Relevant Rules and Schedules

Rules 151–159 (ASU drugs)

These provisions govern Ayurvedic, Siddha, and Unani medicines. They cover aspects such as conditions for licensing, product approvals, labeling requirements, and obligations for maintaining proper manufacturing records. These rules make sure that ASU products are manufactured responsibly and in compliance with regulatory expectations.

Rules 85A–85I (Homoeopathic medicines)

Separate provisions exist for Homoeopathic medicines. They provide the framework for licensing homoeopathic manufacturers, conditions for maintaining quality, and rules for retail and wholesale distribution.

Schedule T (GMP for ASU drugs)

Schedule T prescribes Good Manufacturing Practices (GMP) for ASU drugs. It emphasizes hygienic conditions, proper plant and machinery layout, adequate laboratory facilities, documentation of processes, and quality control measures. Compliance with Schedule T is a pre-condition for the grant and renewal of manufacturing licenses.

Schedule M-1 (GMP for Homoeopathic drugs)

For Homoeopathy, Schedule M-1 sets GMP standards tailored to the unique nature of homoeopathic preparations. It lays down requirements for infrastructure, raw material handling, quality assurance, batch documentation, and storage to maintain consistency and authenticity in homoeopathic medicines.

Authorities Involved

State Licensing Authorities (SLAs)

Each State/Union Territory appoints Licensing Authorities under the Act and Rules. These SLAs are responsible for granting, renewing, suspending, or canceling AYUSH licenses. They also conduct site inspections, review compliance with GMP standards, and ensure that manufacturers follow the provisions of the Act and Rules.

Pharmacopoeia Commission for Indian Medicine & Homoeopathy (PCIM&H)

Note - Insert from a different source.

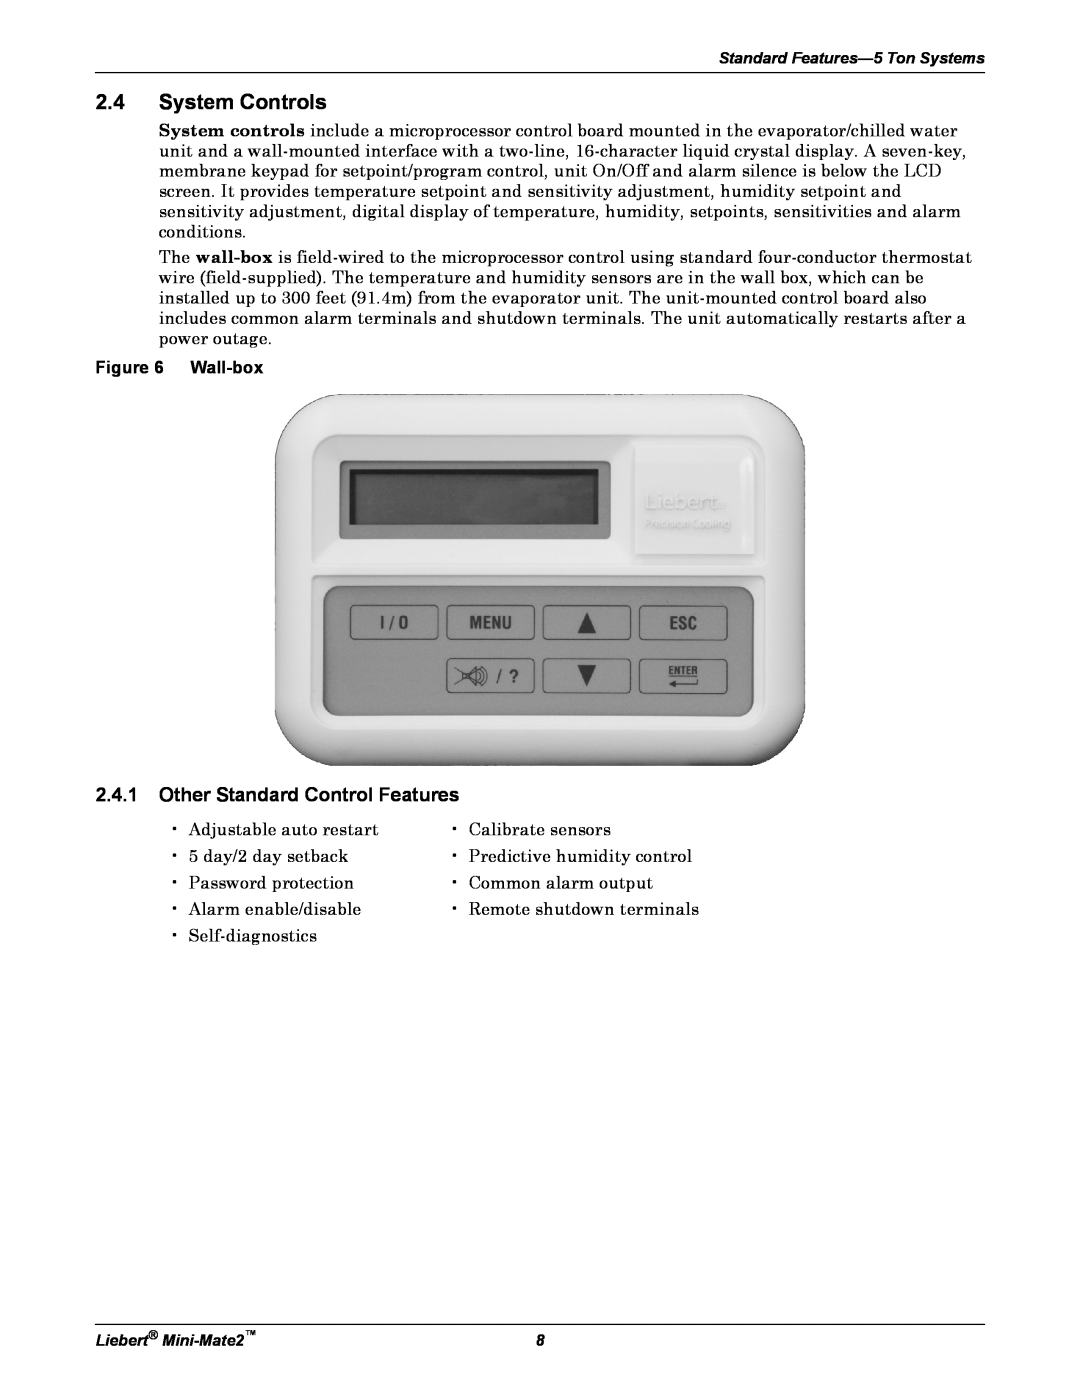 Emerson MINI-MATE2 user manual 2.4System Controls, 2.4.1Other Standard Control Features

The PCIM&H functions as a central authority for setting pharmacopoeial standards for AYUSH medicines. It develops monographs for raw materials and finished formulations, publishes pharmacopoeias and formularies, and operates as the Central Drug Testing-cum-Appellate Laboratory. Its role ensures that quality benchmarks are uniform and legally enforceable across the country.

Ministry of AYUSH

At the policy level, the Ministry of AYUSH is the apex body responsible for formulating regulations, issuing guidelines, amending rules, and coordinating with states. It also promotes the growth of the AYUSH sector, updates the legal framework in line with modern requirements, and introduces new systems such as e-AUSHADHI (online licensing portal) to ensure transparency and efficiency.

Types of AYUSH Licenses

Manufacturing License

This is the most common license required for producing Ayurvedic, Siddha, and Unani (ASU) medicines. It is granted in Form 25-D under Rule 154 of the Drugs and Cosmetics Rules, 1945. To obtain it, the applicant must establish a full-fledged manufacturing facility with proper infrastructure, trained technical staff, and laboratory facilities. The unit must strictly comply with Schedule T, which prescribes Good Manufacturing Practices (GMP) for ASU drugs. Without this license, no company can legally manufacture ASU medicines.

Loan License

A Loan License, issued in Form 25-E, allows a company to manufacture its products by using another manufacturer’s licensed facilities. It is especially useful for marketers or brand owners who want to sell AYUSH products but do not own a factory. Although the physical manufacturing is done by the contracted facility, the applicant remains legally responsible for ensuring product quality, labeling, and compliance with the AYUSH laws.

Homoeopathy License

For Homoeopathic medicines, a separate license is required. It is granted in Form 25-C under the Rules 85A–85I of the Drugs and Cosmetics Rules. This license demands compliance with Schedule M-1, which sets GMP standards specifically for homoeopathic preparations. The rules focus on hygienic conditions, raw material testing, batch-wise documentation, and strict quality controls to ensure that medicines are safe, consistent, and authentic.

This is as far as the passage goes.